Apps run inside your sandbox with full access to its filesystem. Common examples:
  • CRM / contact trackers — Manage leads, contacts, and sales pipelines
  • Dashboards — Visualize data from files or APIs
  • Project management tools — Kanban boards, task trackers
  • Internal tools — Custom calculators, data entry forms, admin panels
  • Personal utilities — Habit trackers, bookmark managers, note-taking apps

Managing published apps

Published apps are managed from the Settings page under Published Apps. Each app card shows its name, port, status (running/stopped), and URL.

Custom subdomains

Each published app can be assigned a custom subdomain, giving it a clean URL like:
https://my-crm.coral.inc
Set the subdomain from the app card in Settings.

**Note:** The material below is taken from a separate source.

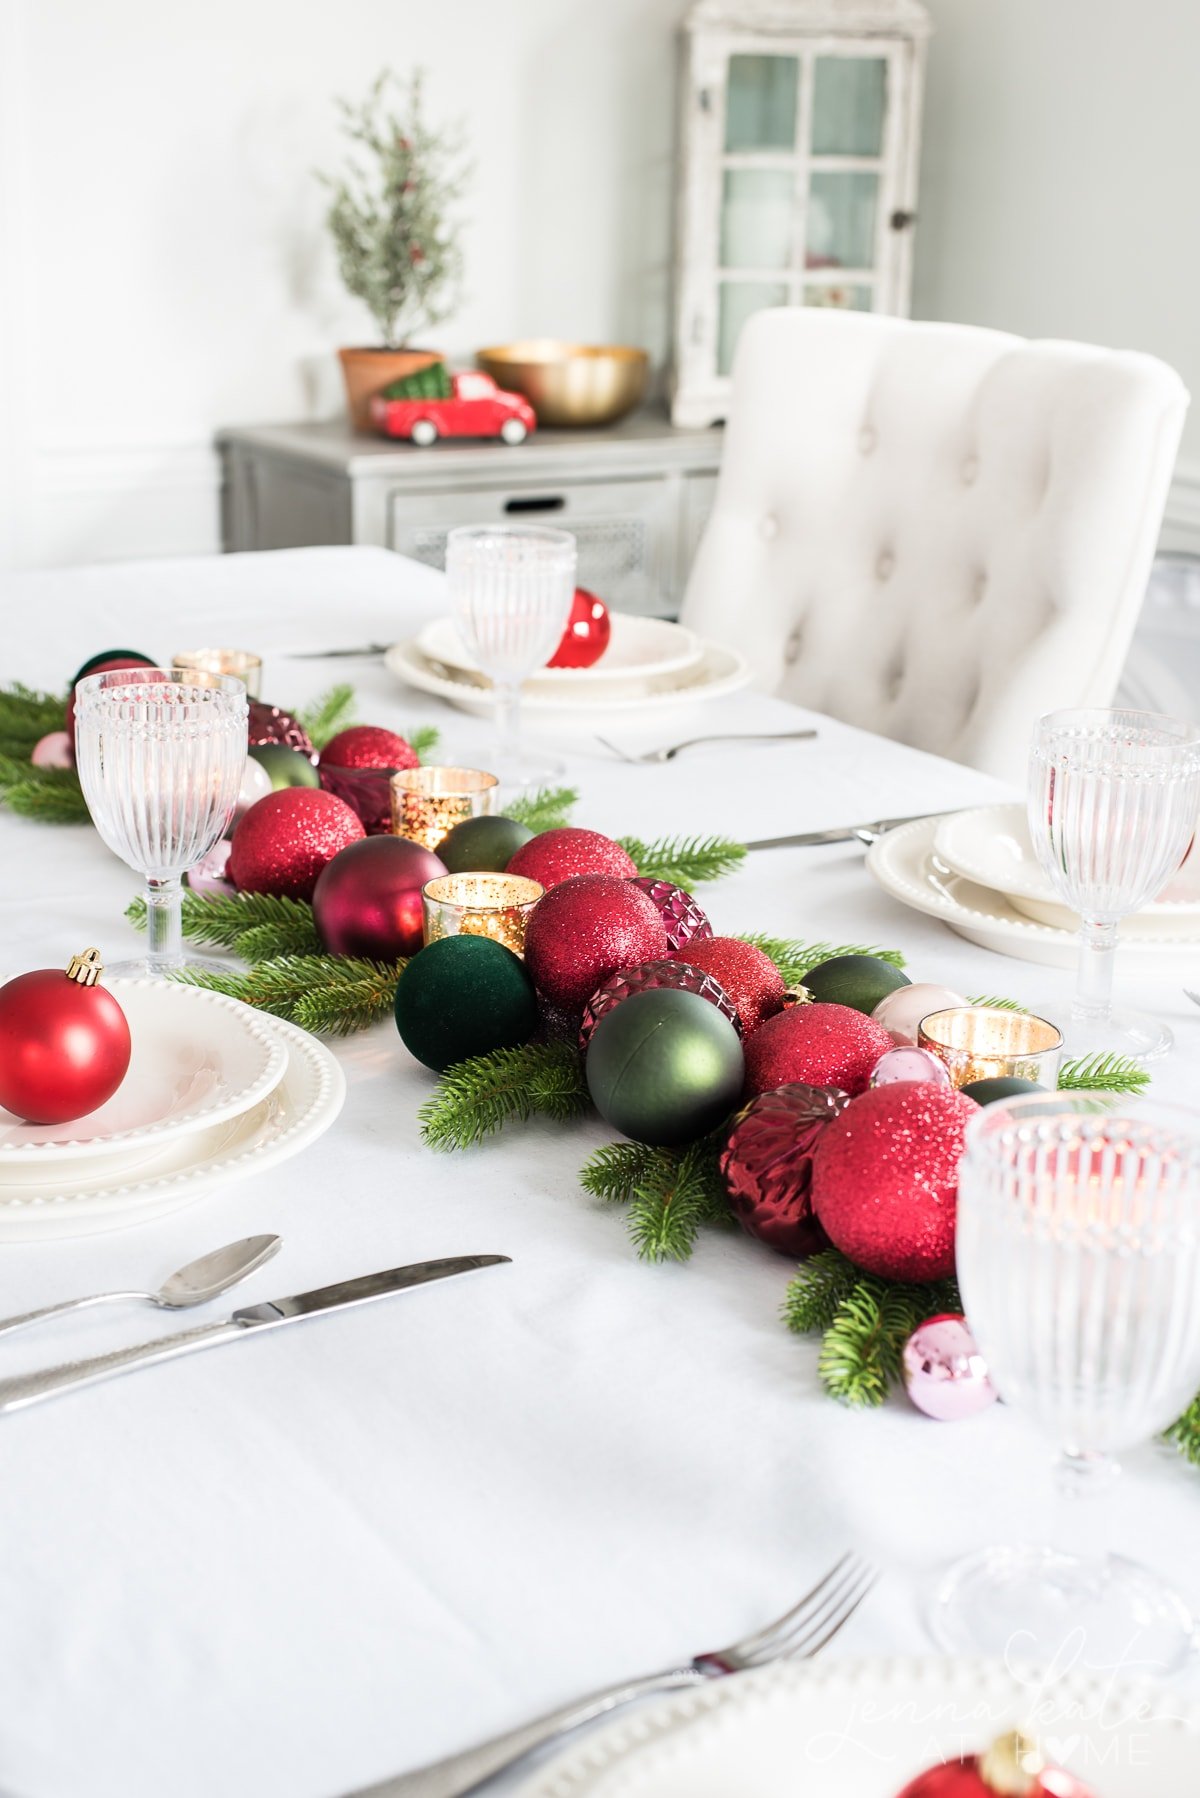 Quick and easy Christmas table decorations

Subdomain availability is first-come, first-served.

Visibility settings

Control who can access your published app:
  • Public — Anyone with the link can access the app (still requires Coral authentication).
  • Invite only — Only users you explicitly grant access can open the app.
Toggle visibility from the app card in Settings.

Access control

For invite-only apps, manage access by email:
  1. Open the app card in Settings > Published Apps.
  2. Add email addresses of users you want to grant access.
  3. Granted users can access the app when signed in to Coral.
Remove access at any time by clicking the remove button next to an email.

Technical details

Your sandbox has limited resources, so lightweight frameworks work best:
  • Backend: Express.js (~30 MB RAM)
  • Database: sql.js (pure WebAssembly SQLite — zero native dependencies)
  • Frontend: Vanilla HTML/CSS/JS or Alpine.js
Avoid heavy frameworks like Next.js or React dev servers — they consume too much memory for the sandbox environment. Use vanilla HTML served by Express instead.

Constraints

  • Maximum 5 apps per sandbox
  • Ports 3000–9999 available for app servers (ports 18789–18799 are reserved)
  • Bind to 127.0.0.1 only (not 0.0.0.0)
  • Use relative paths in HTML (./api/data, not /api/data)
  • Data persistence: Store data in /data/apps/{slug}/ — the workspace directory doesn’t survive restarts

How the proxy works

Published apps are served through Coral’s authenticated proxy at:
https://app.coral.inc/api/apps/{app-id}/
All requests are authenticated with your Coral session cookie. The proxy forwards requests to your sandbox’s local server. JavaScript in the browser can only make requests to relative URLs (enforced by Content Security Policy).